Тут он увидел Нину, дотронулся рукой до фуражки.
- Здравствуйте! Капитан Варг.
- Александр Касимович, это сестра Вени.
- Вот оно что... - Он внимательно посмотрел на Нину. - Вы очень похожи на брата. Я рад, что вы пришли. Вениамин... мог стать моим сыном. Он был очень хороший человек, Нина. - Капитан говорил глухо, вся его грузность вдруг исчезла; Павлу казалось даже, что он стоит по стойке "смирно", а его распахнутый китель наглухо застегнут. - Он был очень щедрым человеком, Нина. Душевным щедрым. Я любил его... Я собирался не однажды навестить вас с мамой, но мне хотелось прийти к вам здоровым. Я не люблю бывать на людях больным... Ну... Почему мы все еще стоим? Прошу ко мне!

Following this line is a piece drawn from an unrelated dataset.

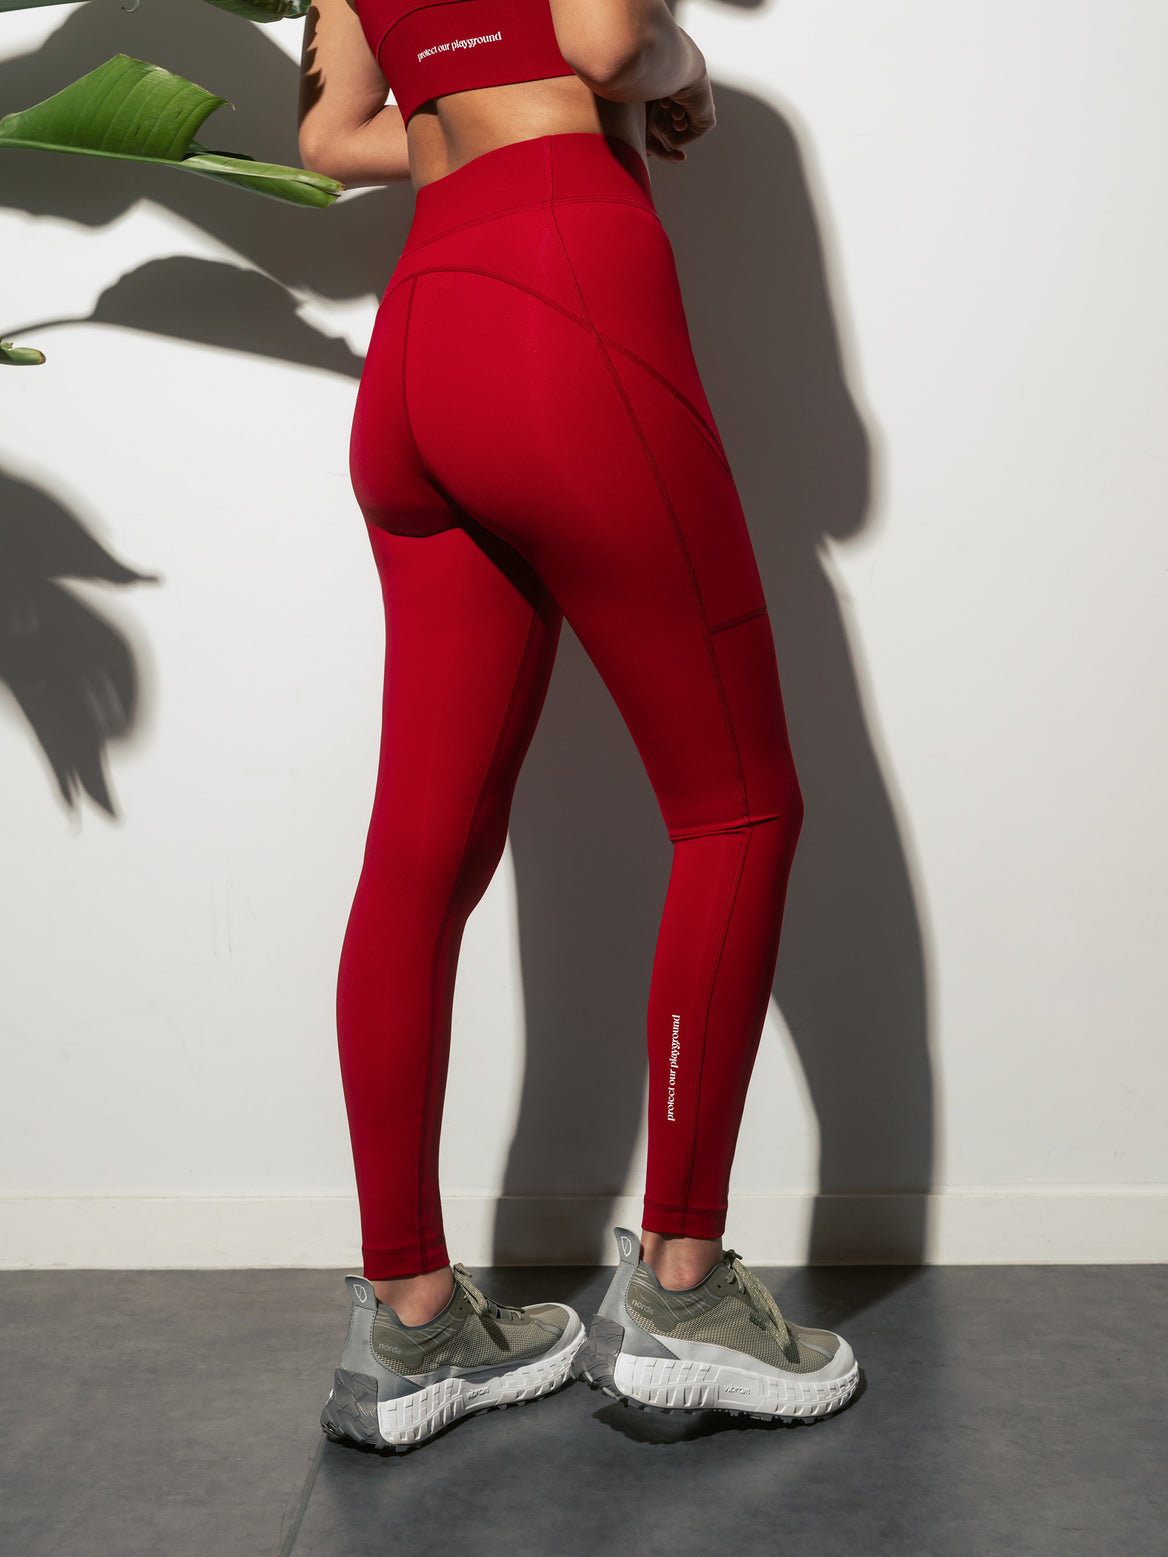 Shape Up Athletics  Caught Red Handed Leggings

В квартире Варга царил продуманный, раз и навсегда установленный беспорядок. Кипы старых газет лежали на продавленном диване: Павел знал, что Варг занимается историей русского флота. А над большим рабочим столом висели фотографий Нади и Вениамина. Надя стояла на мостике отцовского буксира, щурила глаза и улыбалась, а Веня был заключен в овальную медную рамку.